(The data Opens)
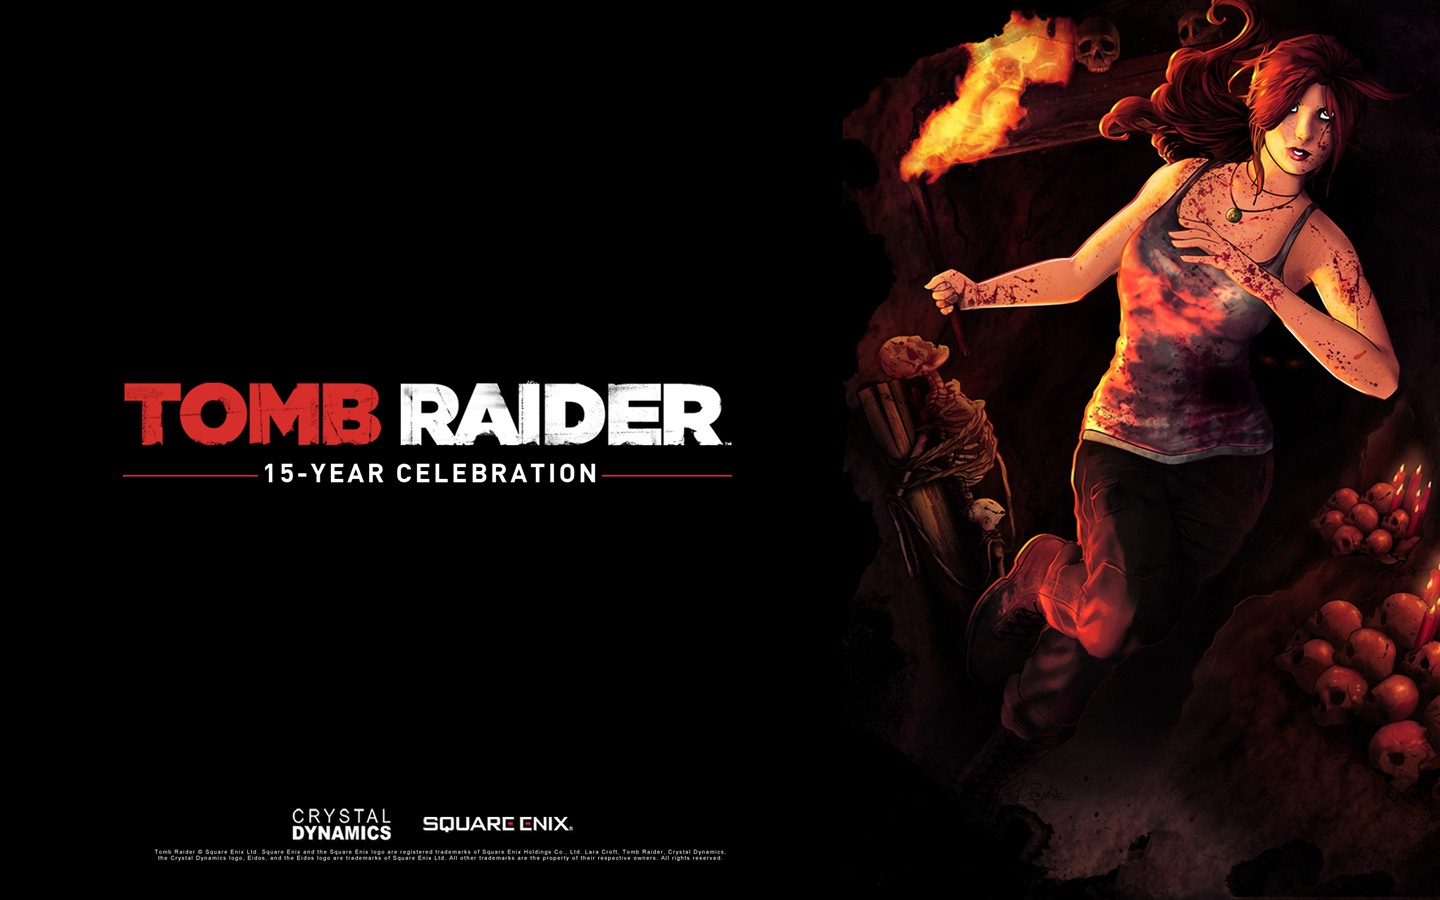 Tomb Raider 15-Year Celebration 古墓丽影15周年纪念版 高清壁纸4 - 1440x900
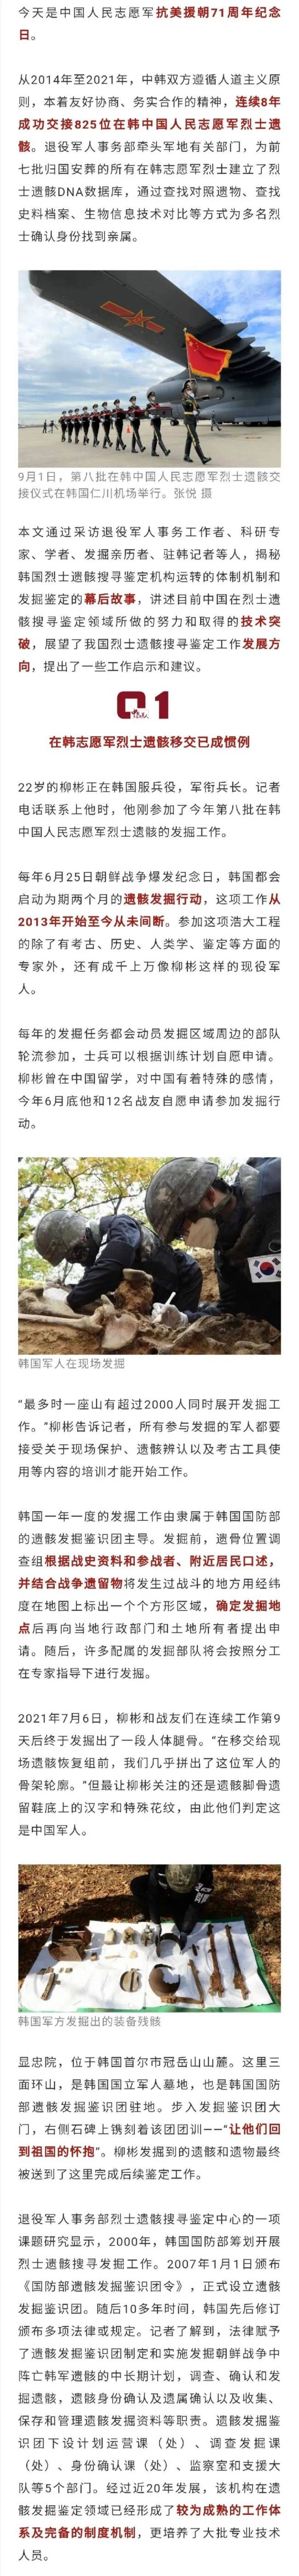 大量在韩中国人民志愿军烈士遗骸搜寻鉴定细节曝光
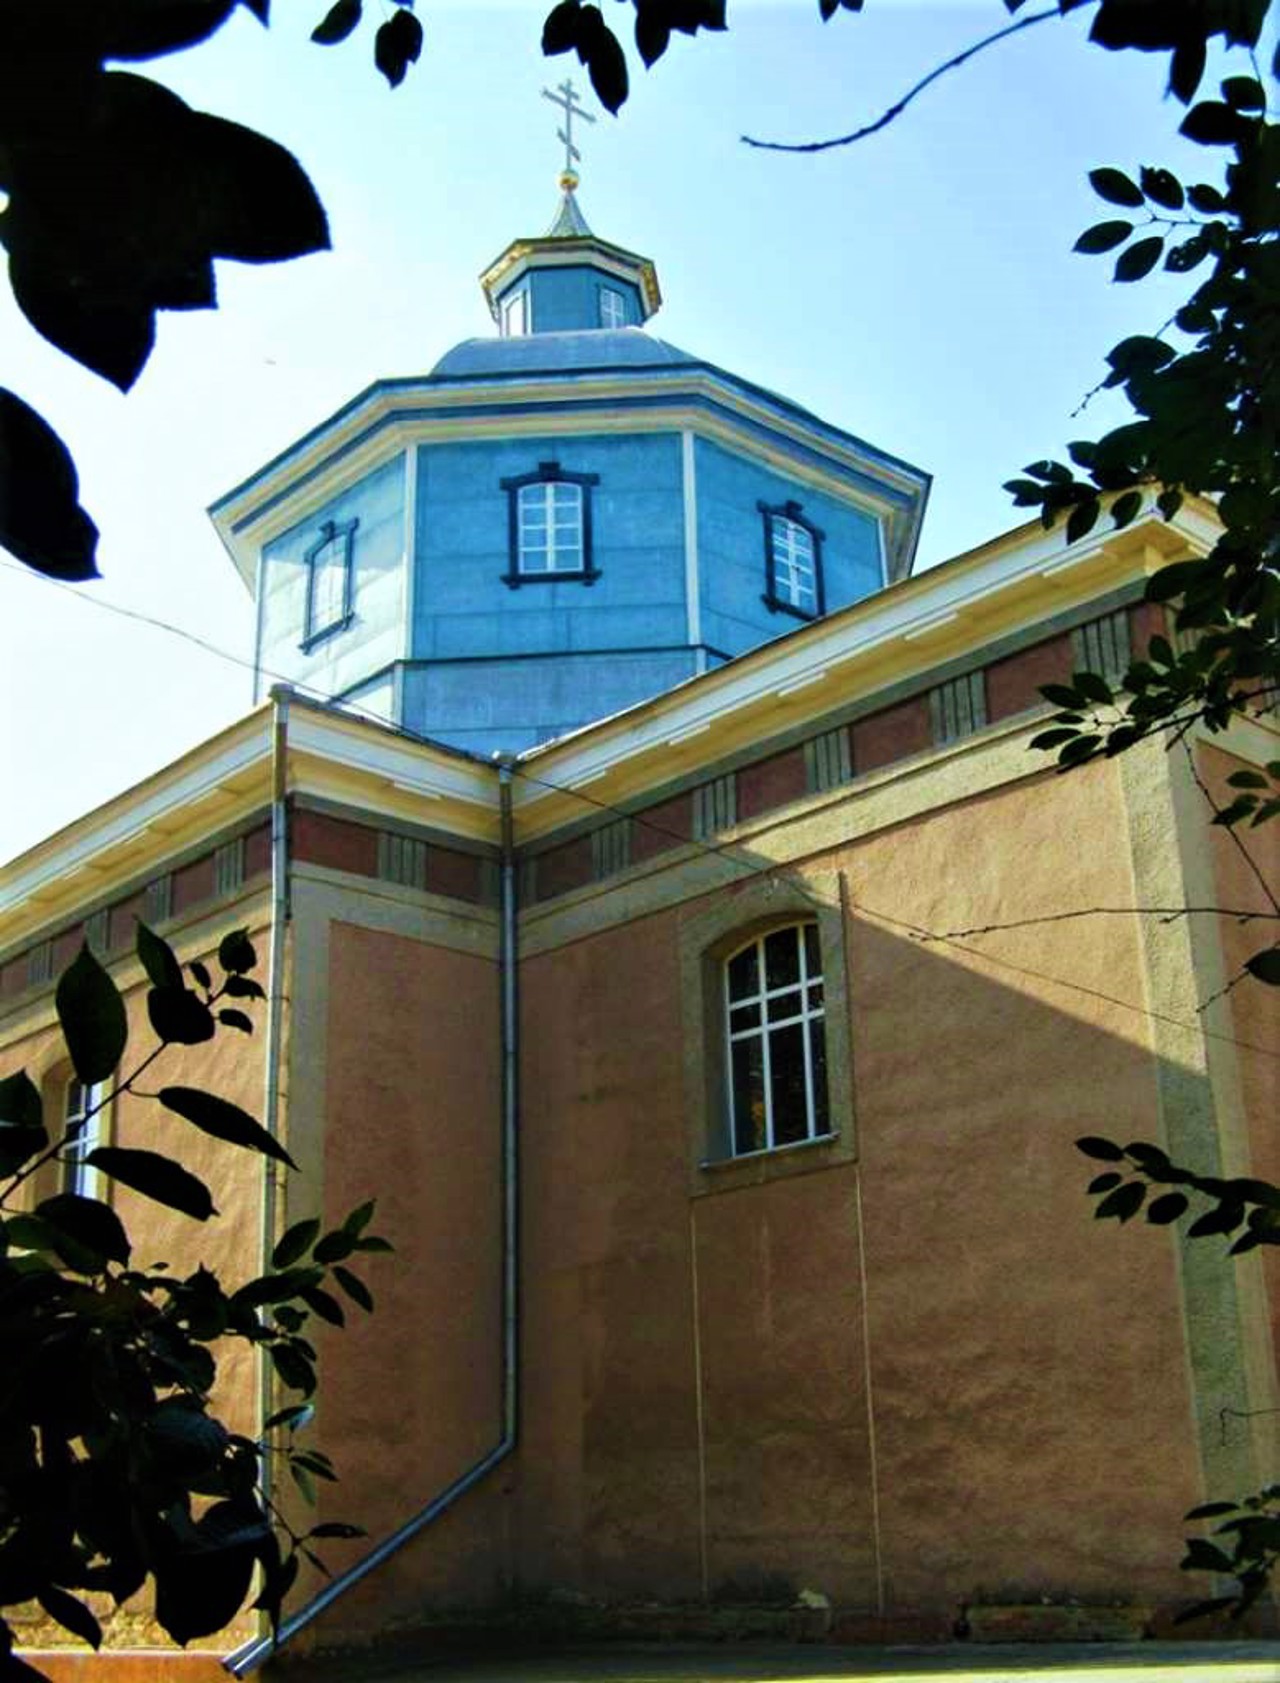 Успенська церква, Тульчин
(The data Closes)
The task | Copy out all the data exactly. No images belong in the copy.

Your solution |
 Tomb Raider 15-Year Celebration 古墓丽影15周年纪念版 高清壁纸4 - 1440x900
 大量在韩中国人民志愿军烈士遗骸搜寻鉴定细节曝光
 Успенська церква, Тульчин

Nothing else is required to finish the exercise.